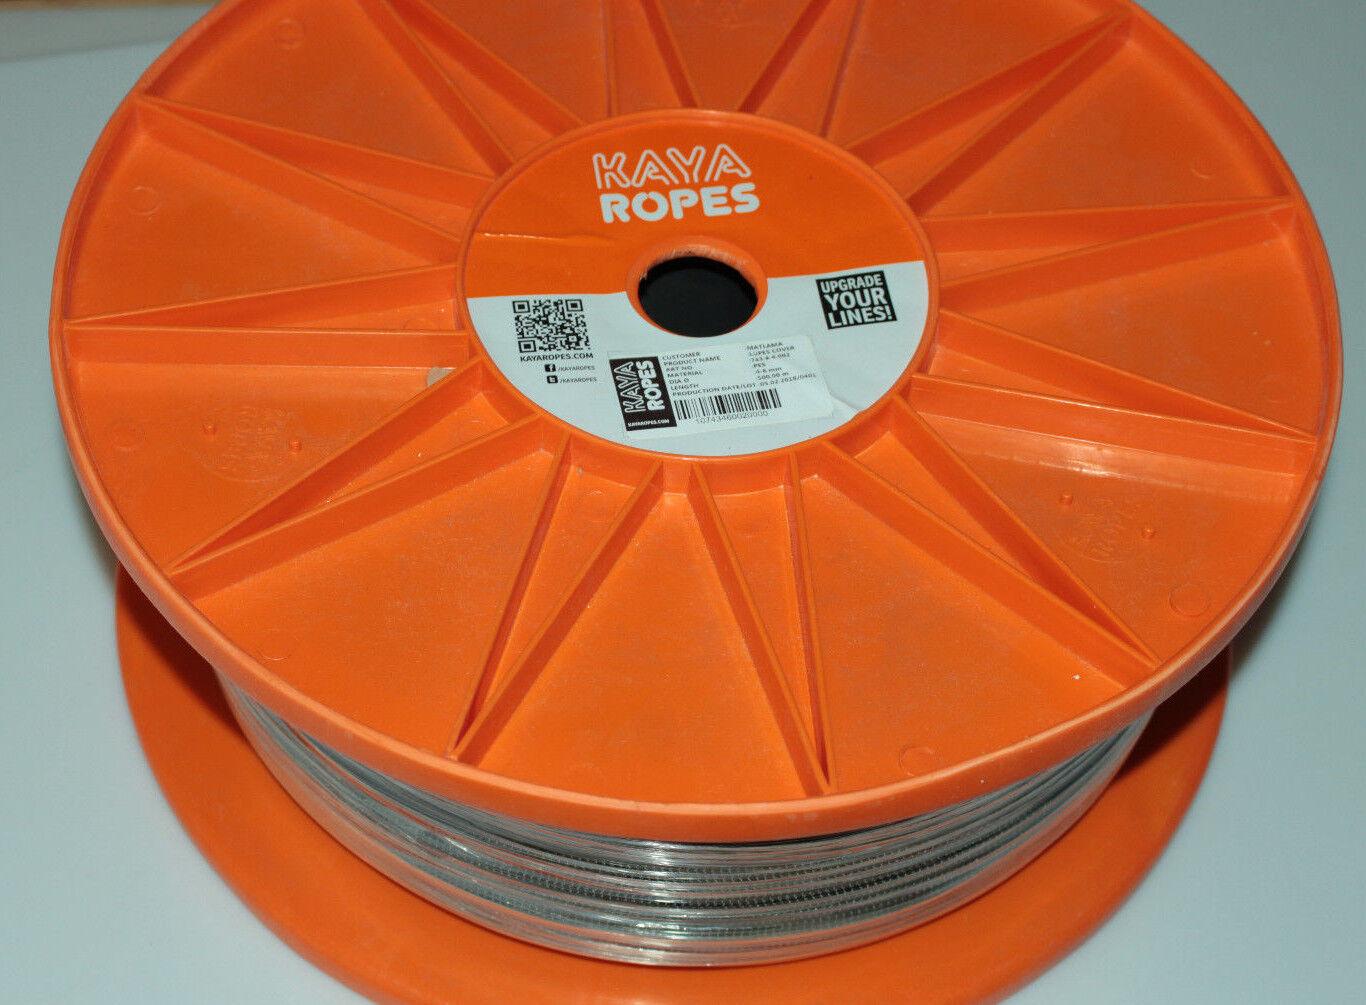 Seil 500m schwarz Kaya Ropes 10-12mm 743.10-12.002 Lupes Cover PES Schnur Tau
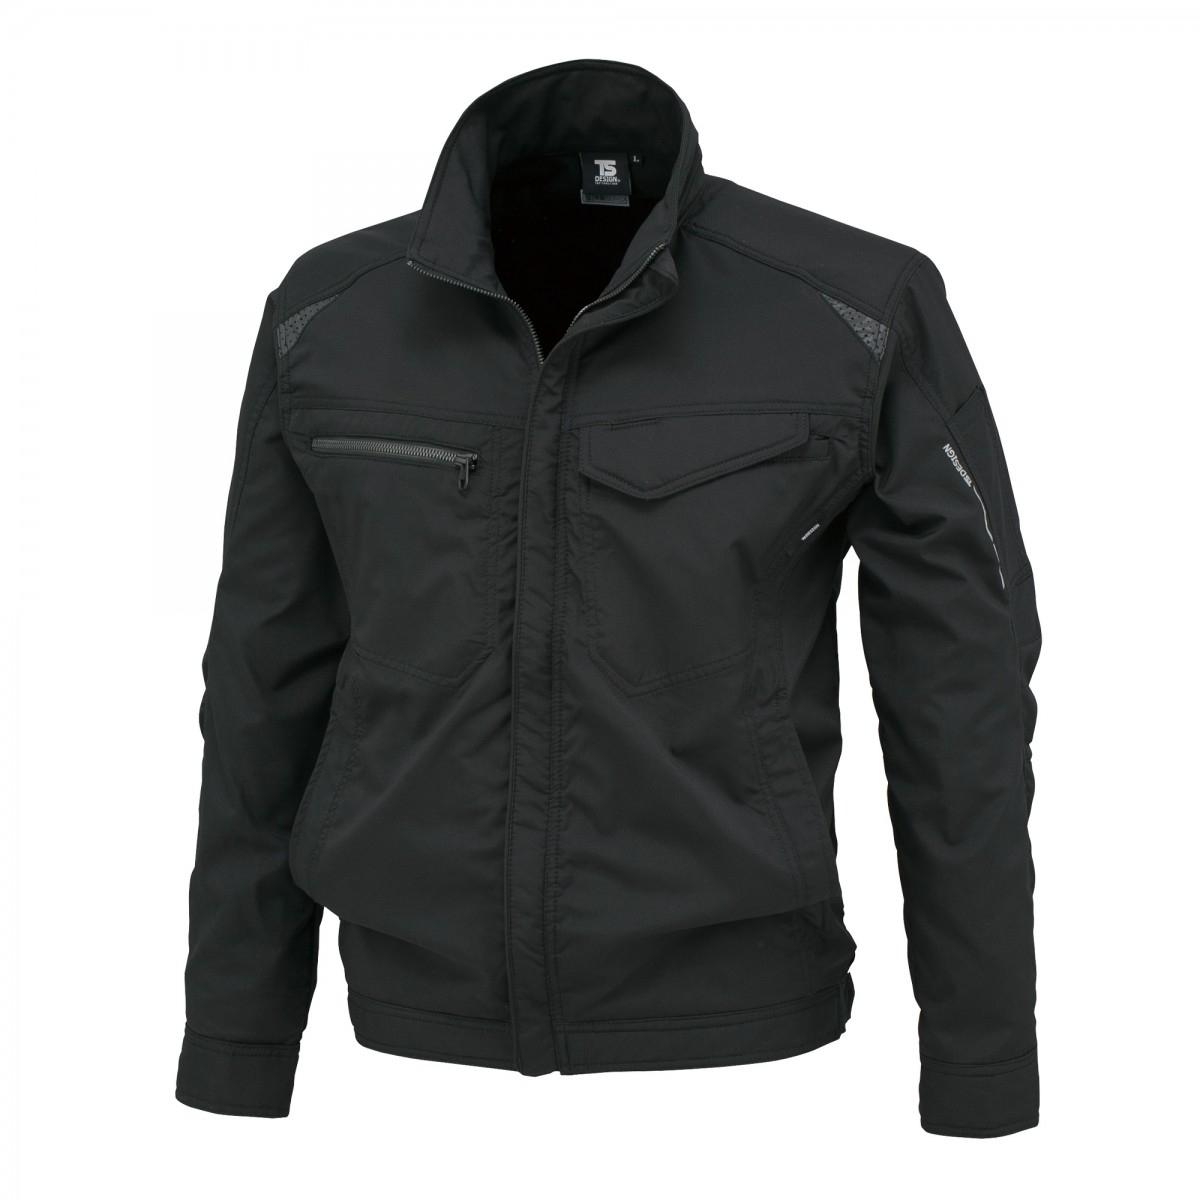 TS DESIGN 84636 ジャケット ¥5,940(税込)95 ブラック
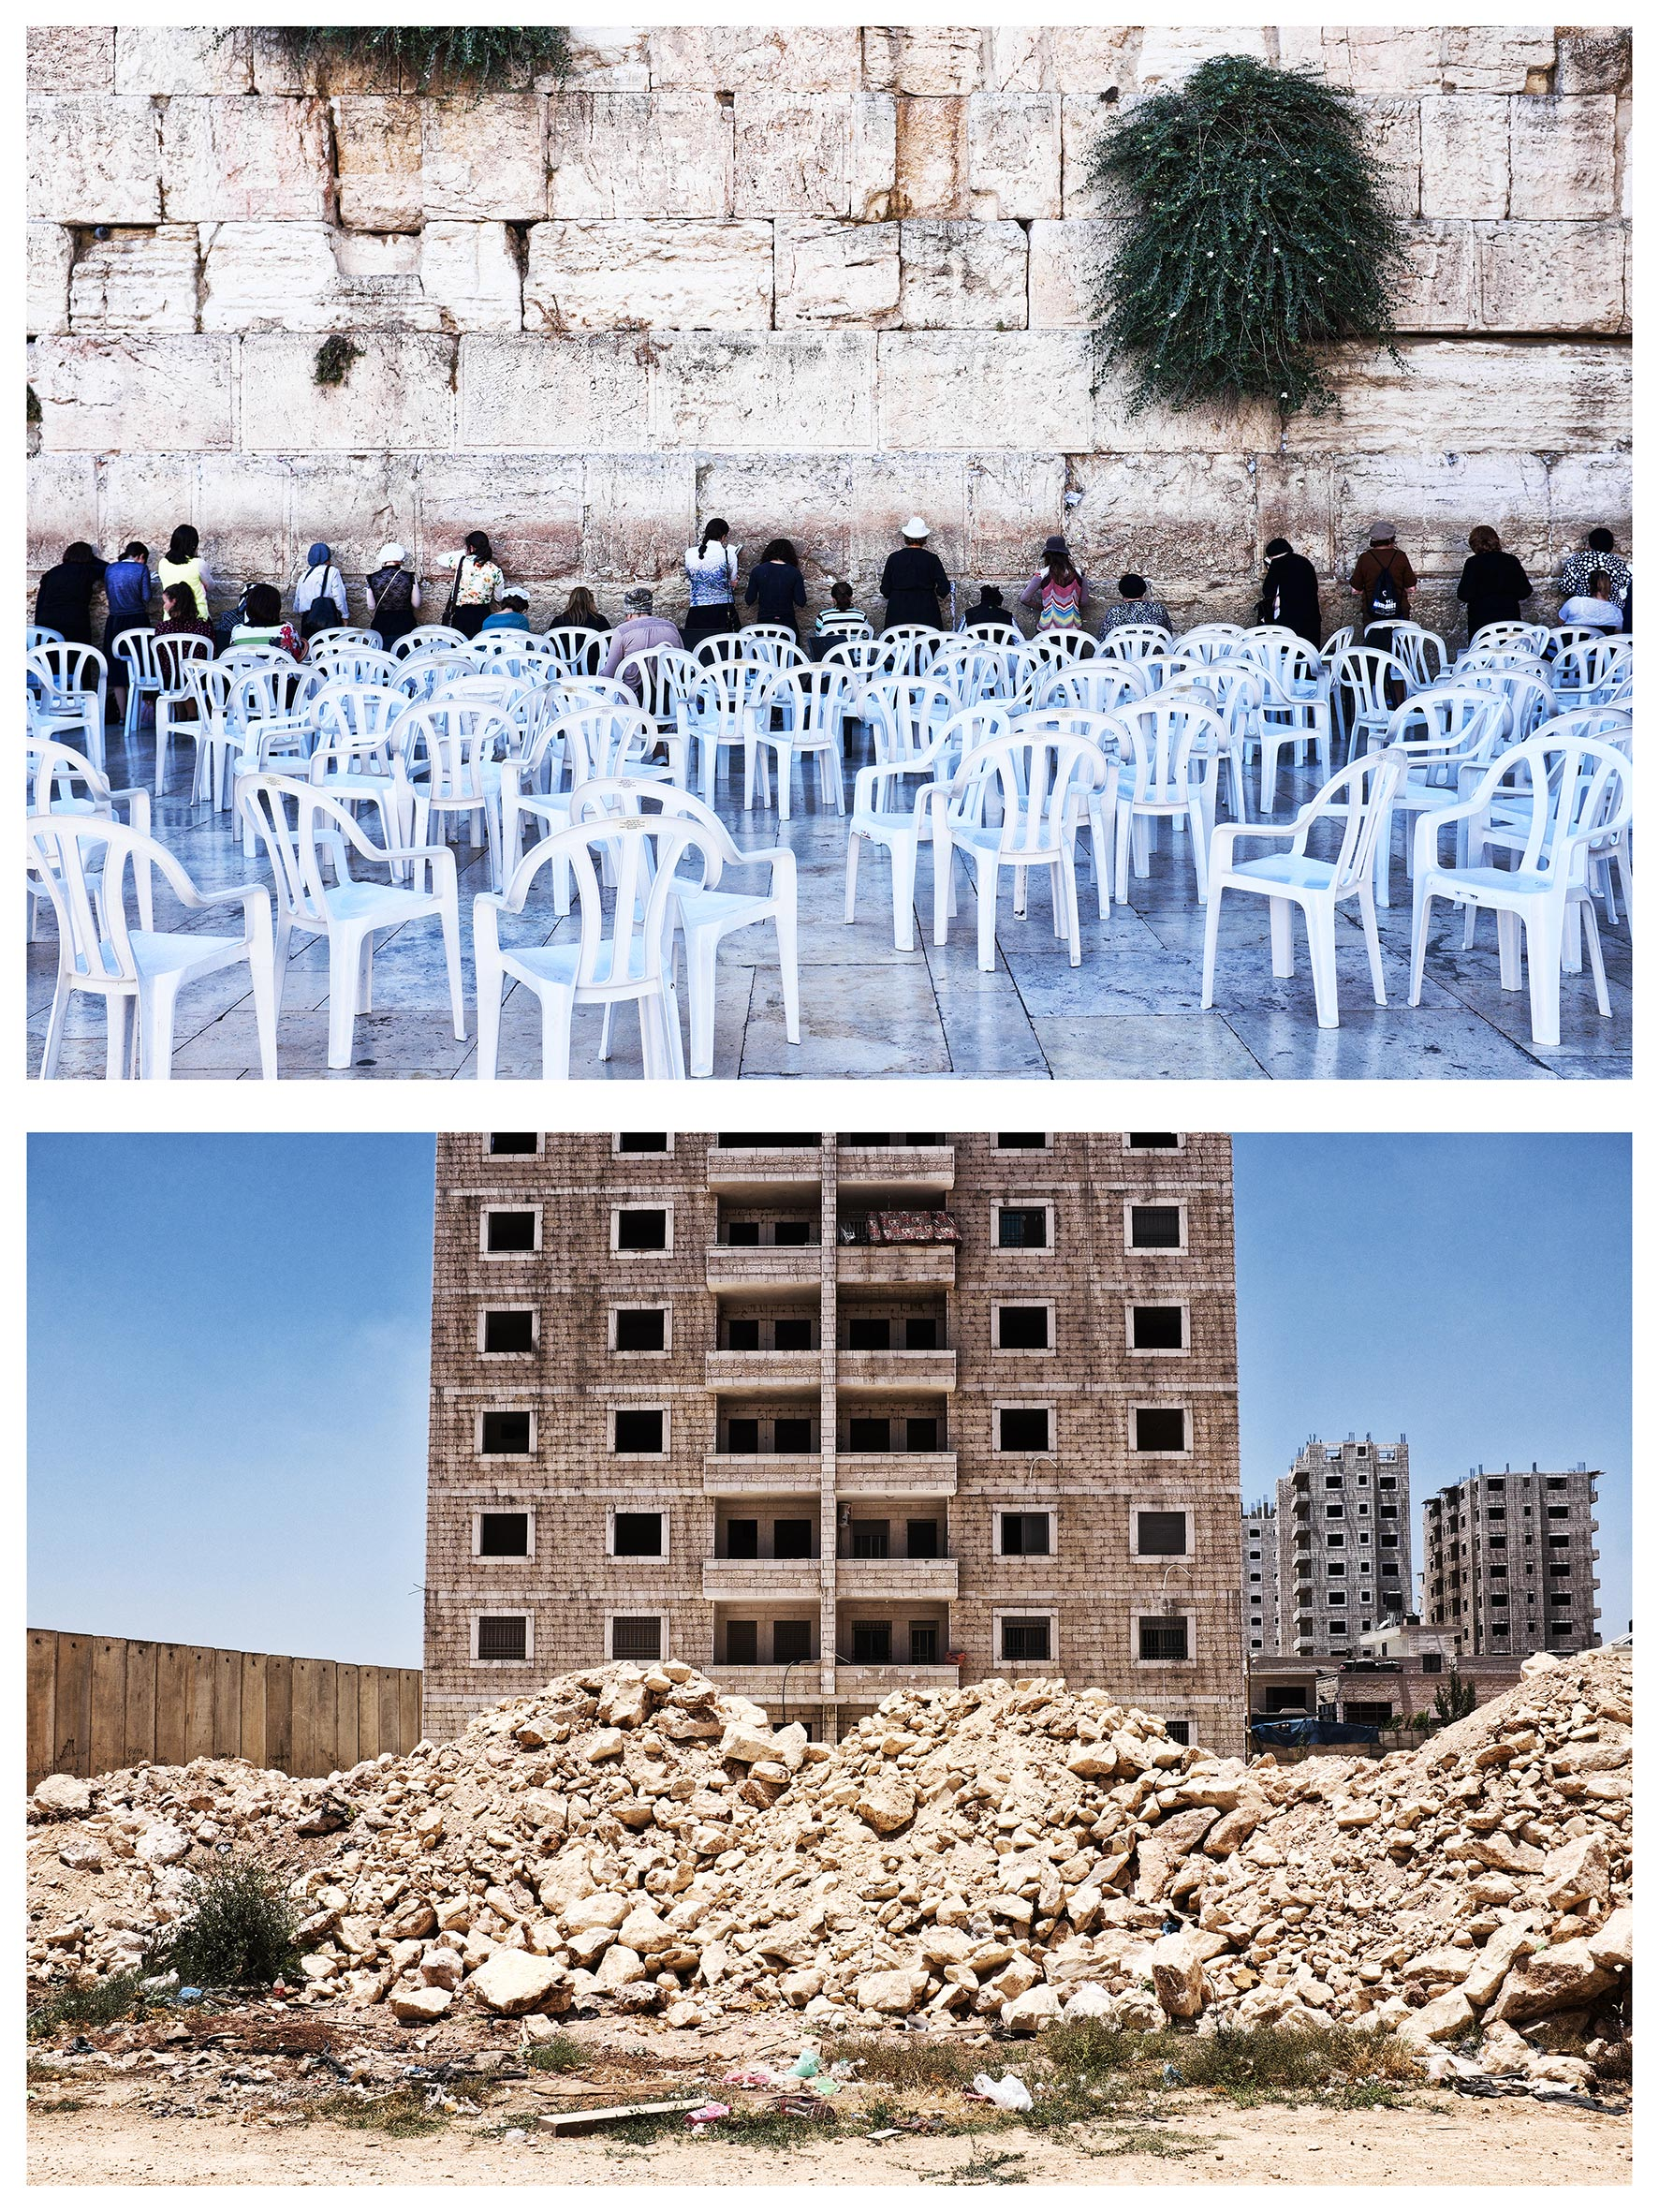 #au milieu un mur 4. Jérusalem / Ramallah
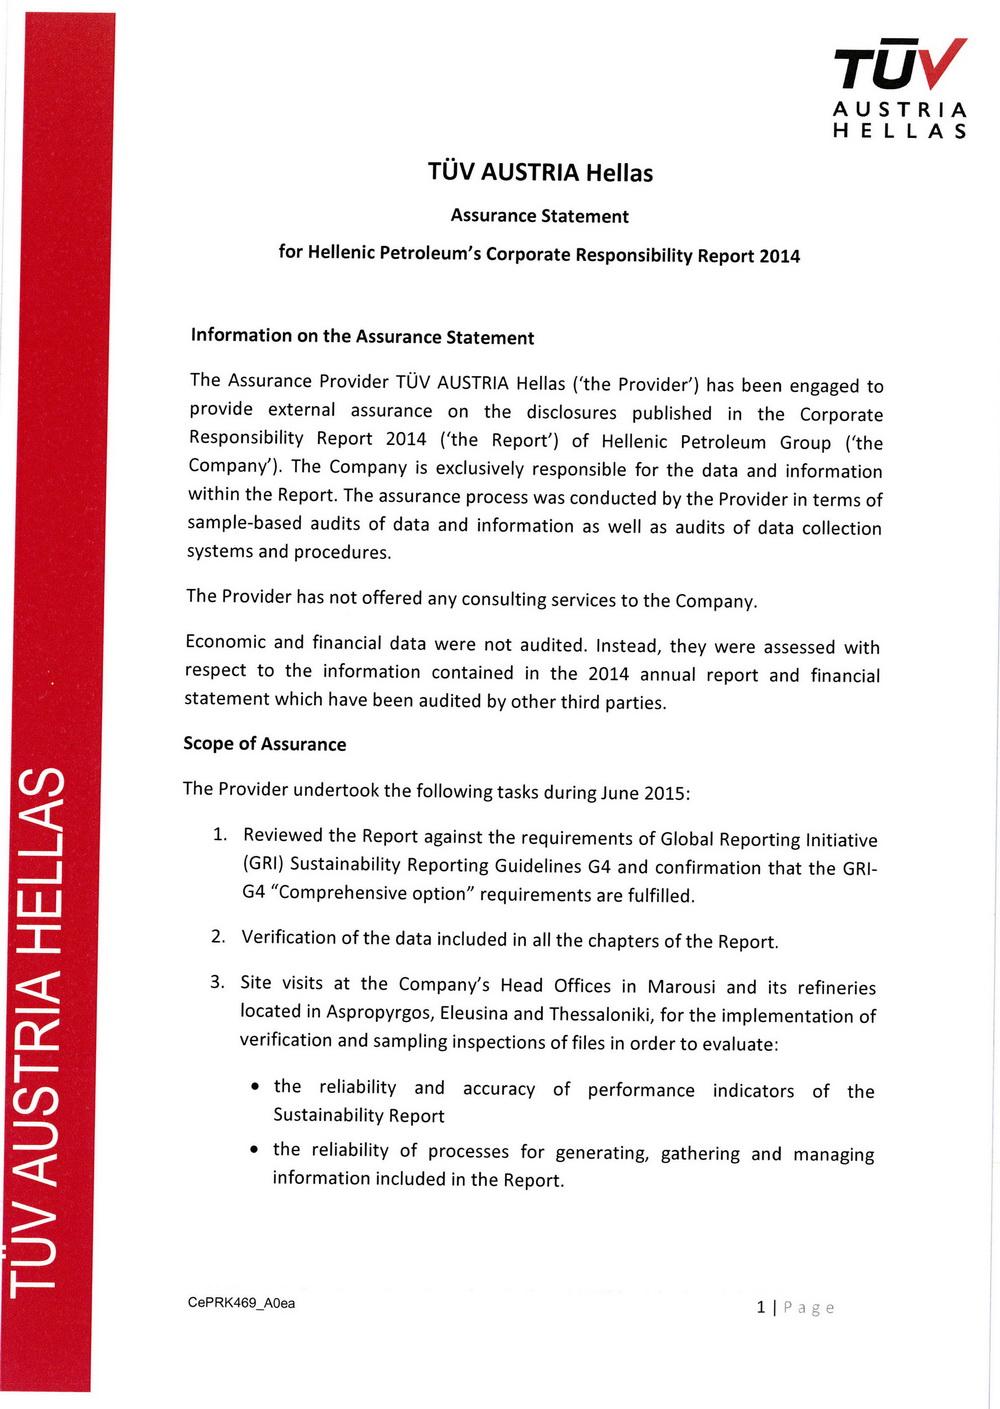 sustainabilityreport - Report\'s Certification

--- Exercise requirements ---
Only the pictures are to be left out; all other material is to be output exactly.

--- Response to the exercise ---
 Seil 500m schwarz Kaya Ropes 10-12mm 743.10-12.002 Lupes Cover PES Schnur Tau
 TS DESIGN 84636 ジャケット ¥5,940(税込)95 ブラック
 #au milieu un mur 4. Jérusalem / Ramallah
 sustainabilityreport - Report\'s Certification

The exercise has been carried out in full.